Task statement >>
All of the listing below must be repeated word for word. Pictures are the only thing to omit.

Given material >>
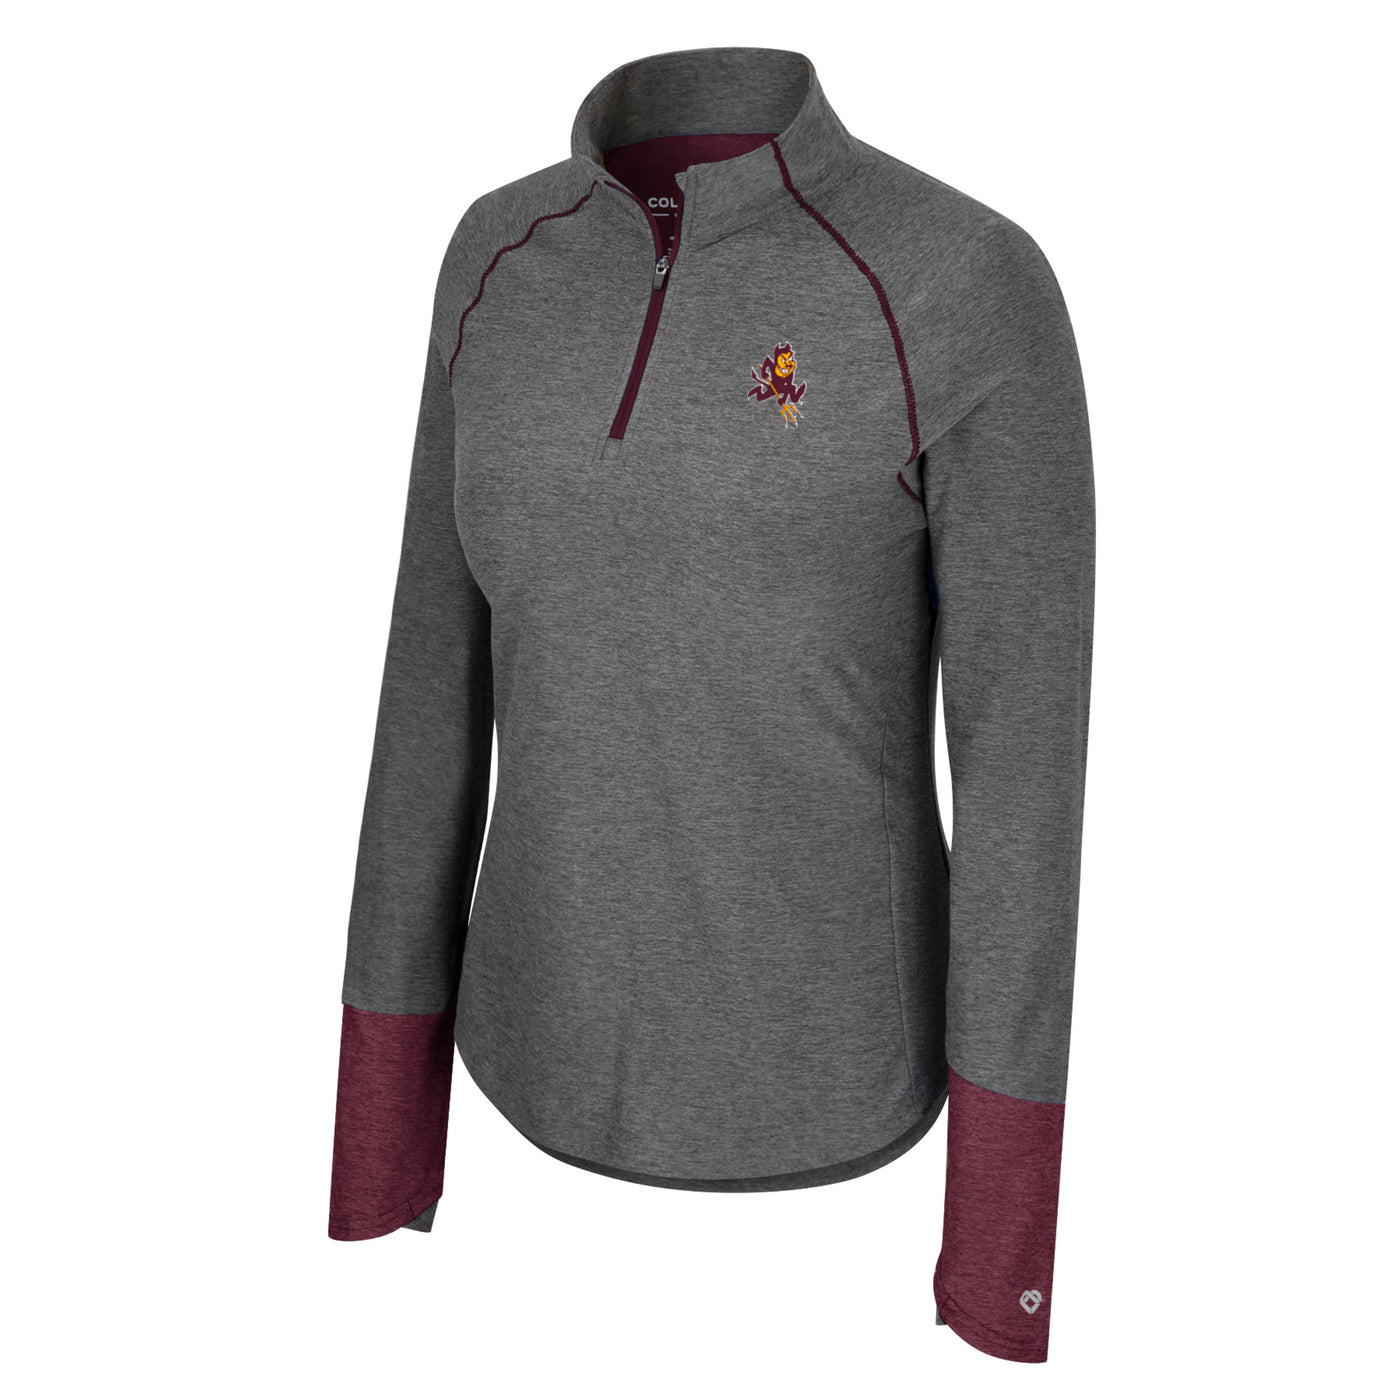 ASU grey ladies 1/4 zip with maroon trim and maroon at the bottem of the sleeves.Small sparky mascot logo on one side of the chest.
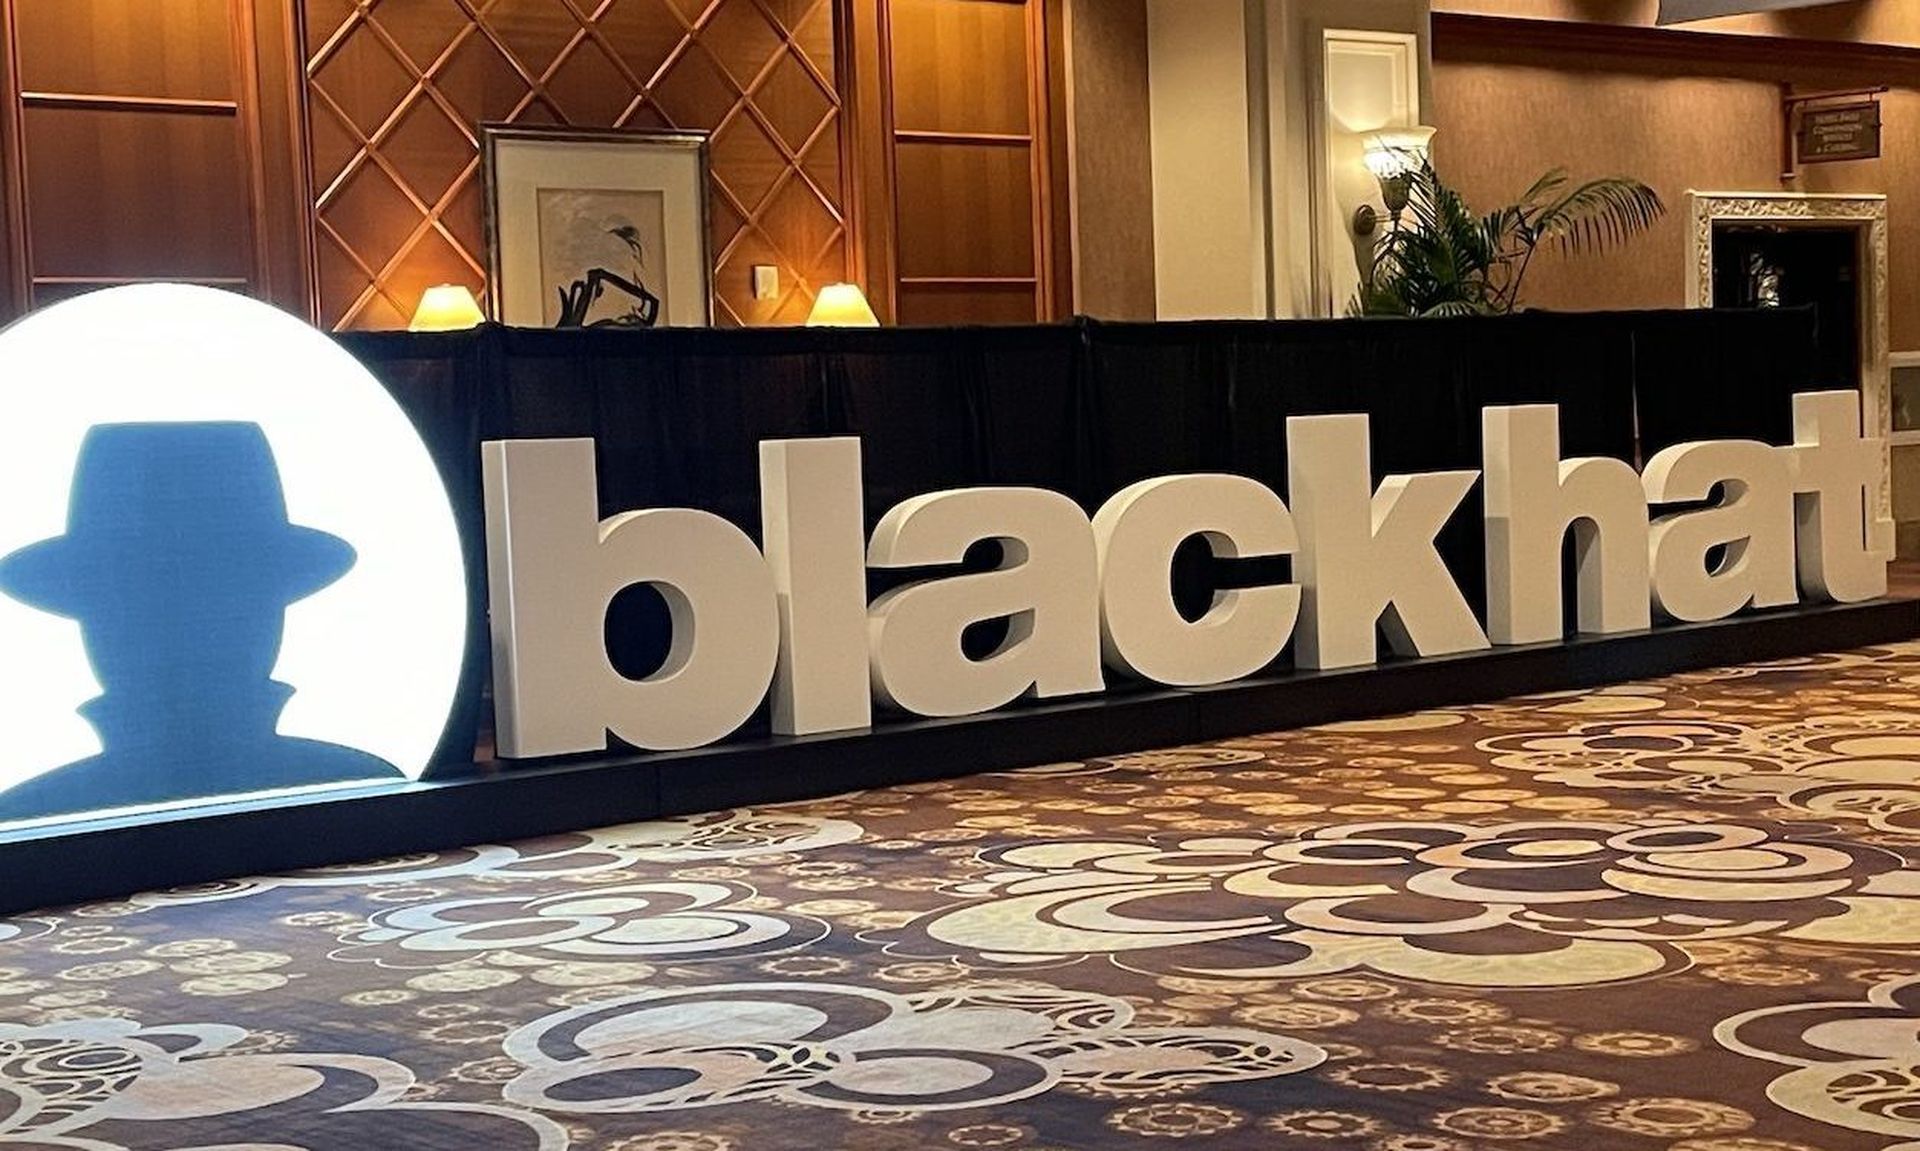 Signage adorns the Mandalay Bay conference center in Las Vegas before general sessions kickoff for the Black Hat USA conference. (Staff/Jill Aitoro)
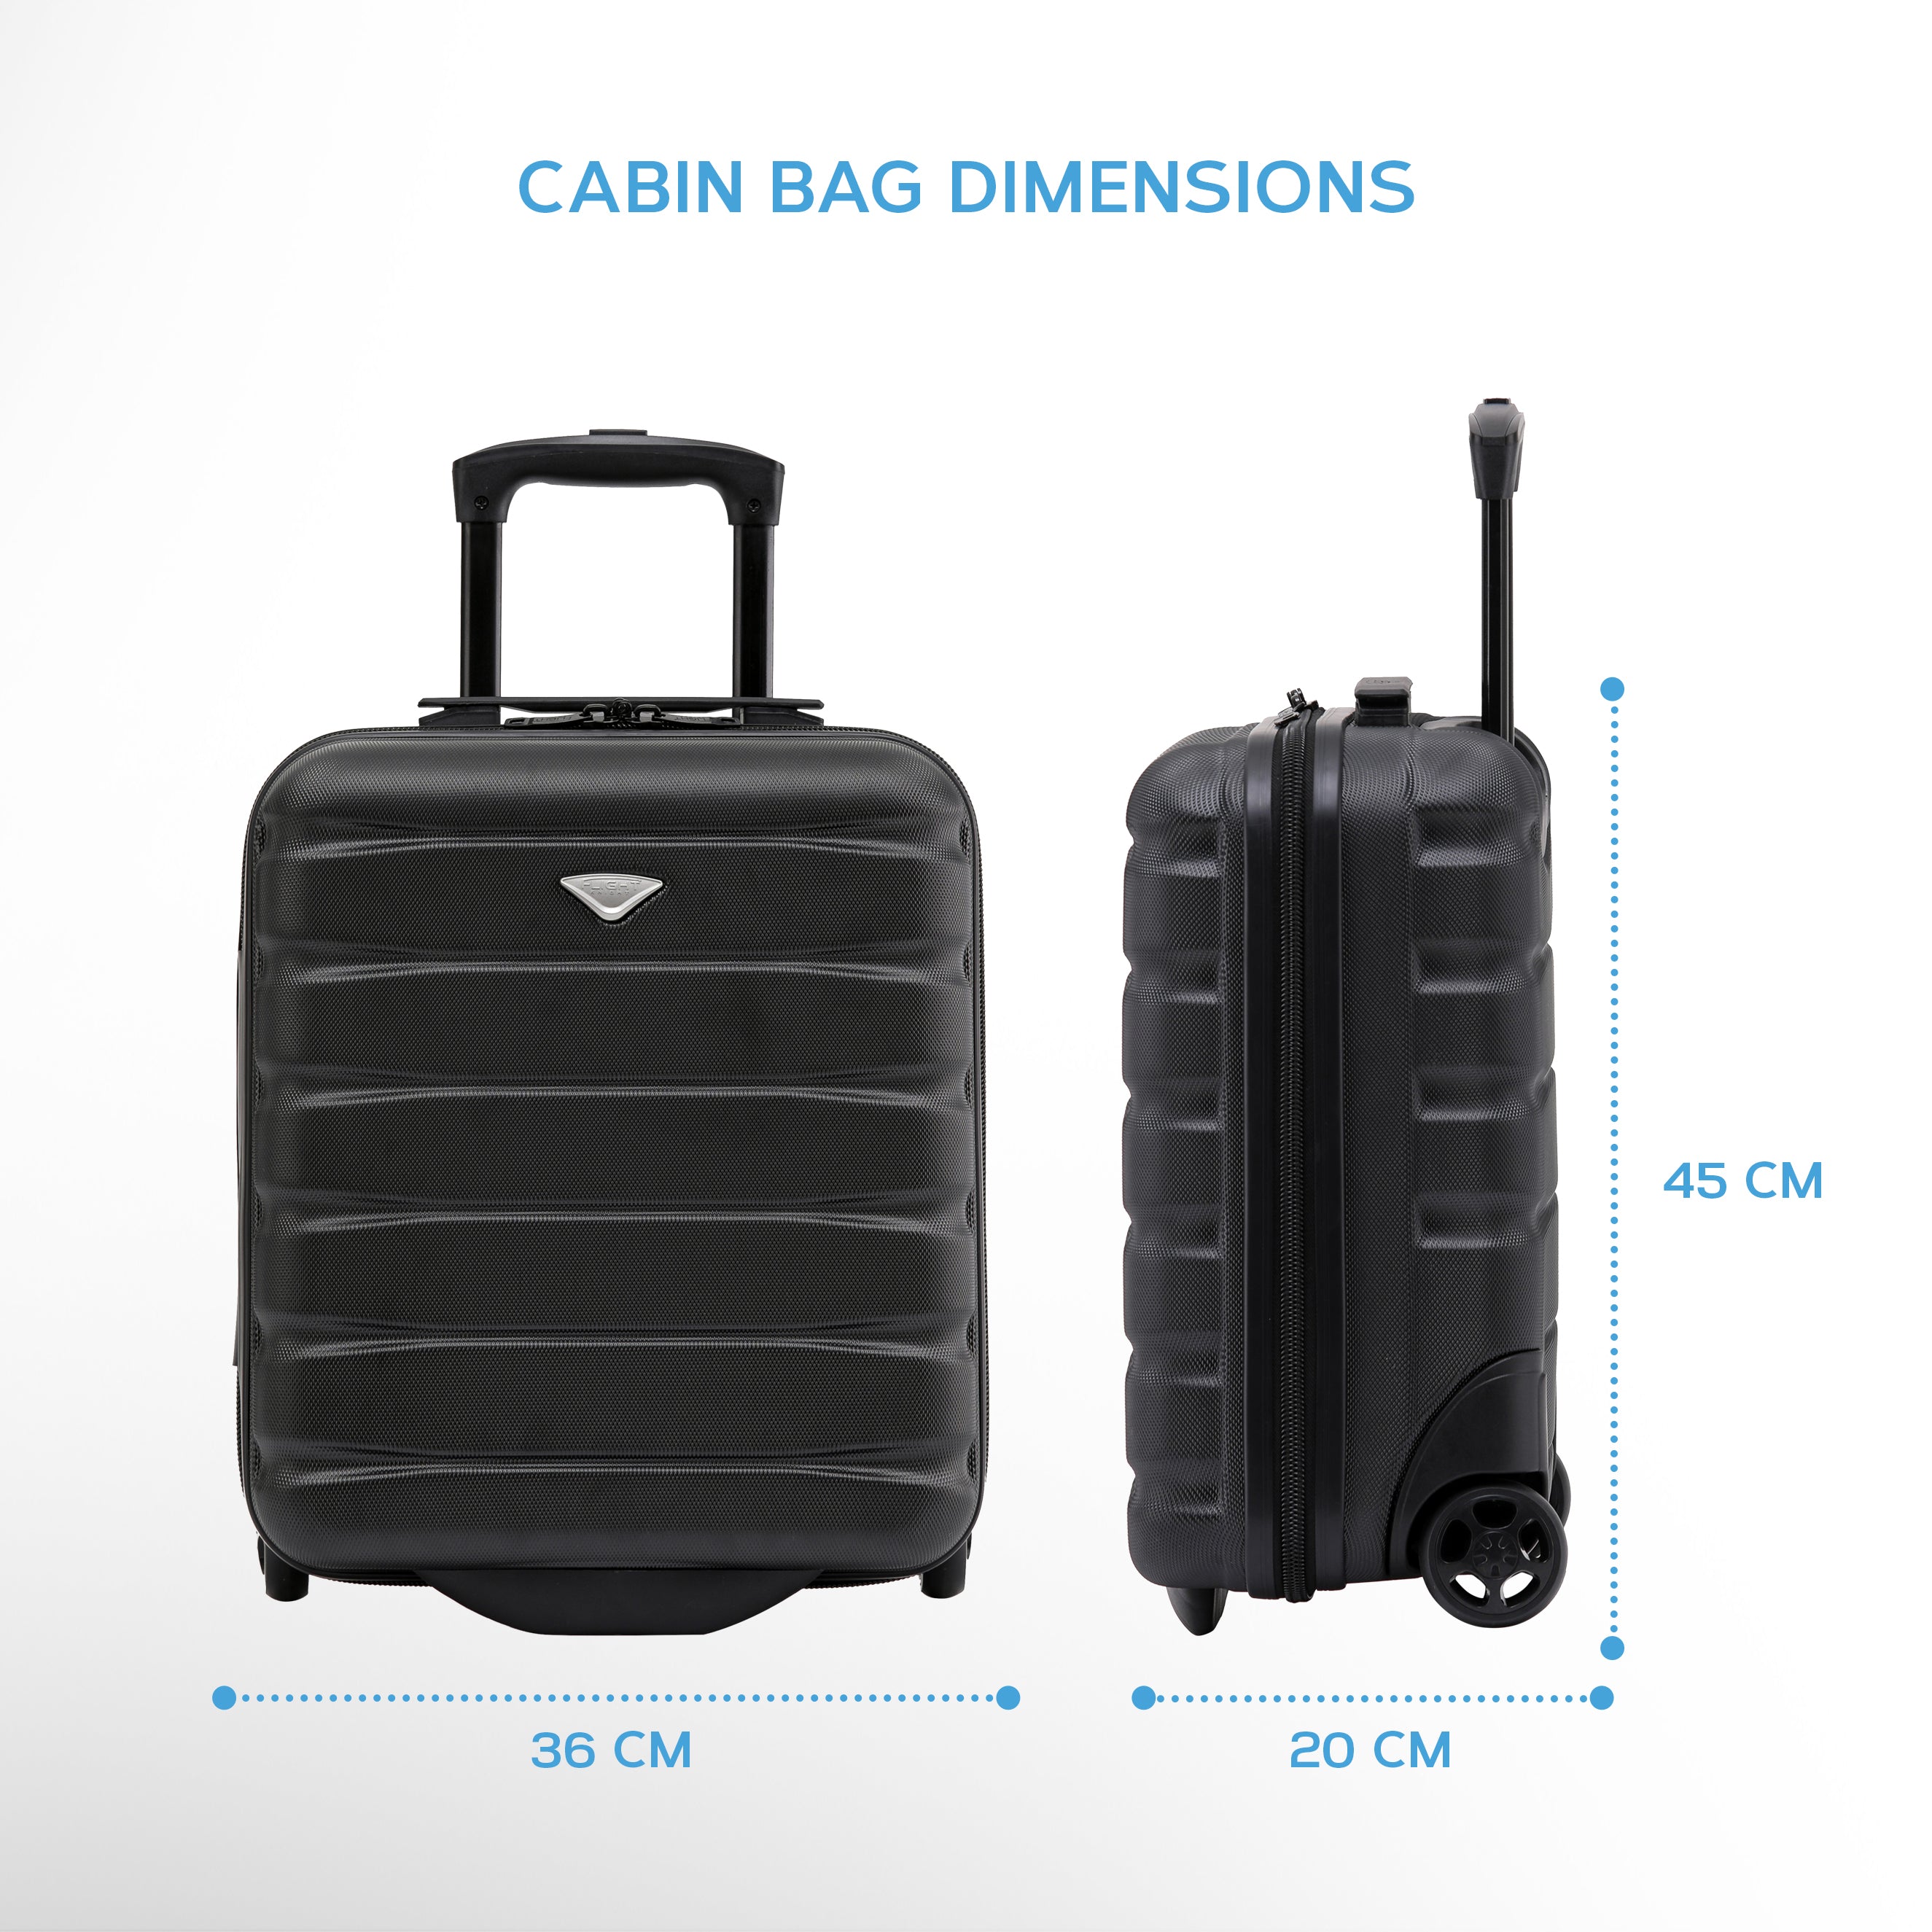 LEARNING LANGUAGES ABROAD | Cabin bag sizes and carry-on luggage guide

Completed exercise >>
 ASU grey ladies 1/4 zip with maroon trim and maroon at the bottem of the sleeves.Small sparky mascot logo on one side of the chest.
 Signage adorns the Mandalay Bay conference center in Las Vegas before general sessions kickoff for the Black Hat USA conference. (Staff/Jill Aitoro)
 LEARNING LANGUAGES ABROAD | Cabin bag sizes and carry-on luggage guide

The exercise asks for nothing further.